While Governor Evans initially opposed meeting with the tribal chiefs, Wynkoop publicly delivered the chiefs to Evans, forcing Evans to meet with them at the risk of scandal. However despite what Wynkoop and the tribal chiefs present at the meeting believed, neither Evans or Major General Curtis had any desire for peace. After Wynkoop's return to Fort Lyon, he was stripped of his command in favor of Major Anthony and soon after transferred to division headquarters in Fort Riley, Kansas to answer for an accusation of abandoning his post for his initial meeting with the Cheyenne.

== After Fort Lyon ==
After being transferred to Fort Riley, Wynkoop was alerted to the Sand Creek massacre by his friend, Captain Silas Soule, who commanded Company D, 1st Colorado Cavalry, which was present at Sand Creek on November 29, 1864, when Soule refused an order to join the massacre. On behalf of the U.S. Army Wynkoop later investigated Col. John M. Chivington's conduct at Sand Creek, which led to Chivington's condemnation.
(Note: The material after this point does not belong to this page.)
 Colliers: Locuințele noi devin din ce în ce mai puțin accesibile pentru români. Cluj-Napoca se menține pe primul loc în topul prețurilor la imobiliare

In 1866, Wynkoop became an Indian agent for the Southern Cheyennes and Arapaho, resigning in December 1868 in protest of the destruction of Black Kettle's village in the Battle of Washita River. He later became warden of the New Mexico penitentiary.
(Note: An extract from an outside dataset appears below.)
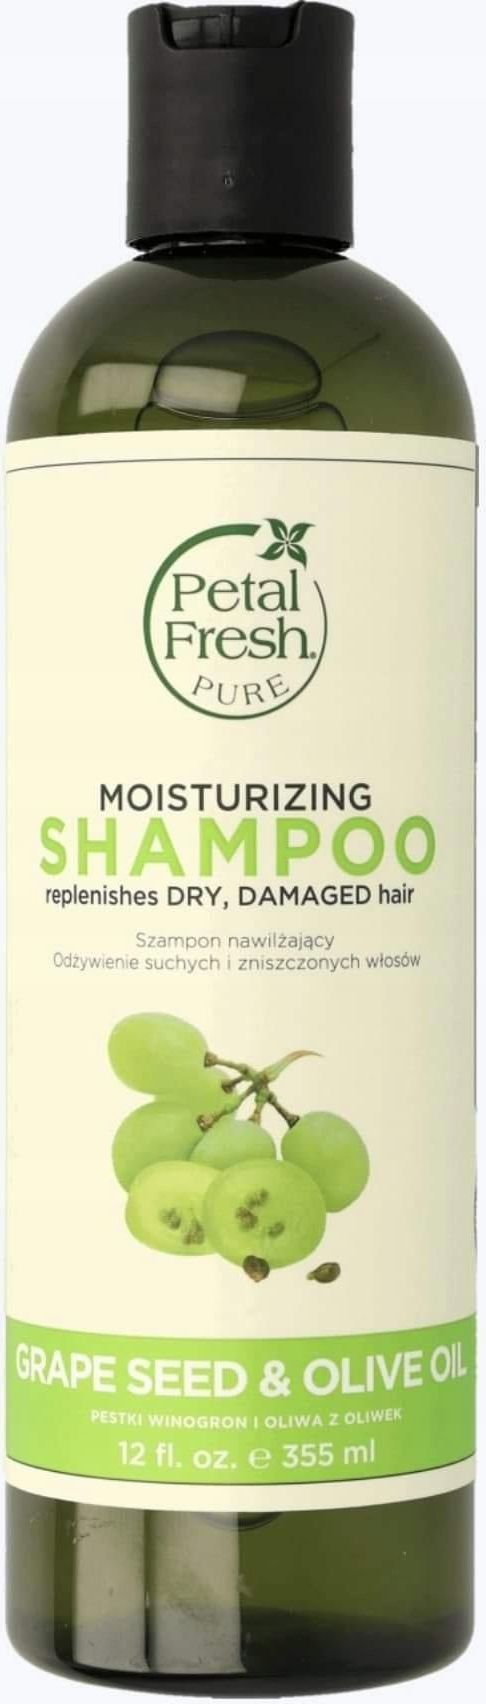 petal fresh nawilżający szampon do włosów pestki winogron

Edward lived with his wife and eight children in Santa Fe, New Mexico, between about 1885 and 1891, during which time he was Warden of the New Mexico Penitentiary.

==Death==
Wynkoop died on September 11, 1891, in Santa Fe, New Mexico, at the age of 55. He was buried there.

==Notes==

- Hardorff, Richard G., compiler & editor (2006). Washita Memories: Eyewitness Views of Custer's Attack on Black Kettle's Village. Norman, OK: University of Oklahoma Press. ISBN 0-8061-3759-2.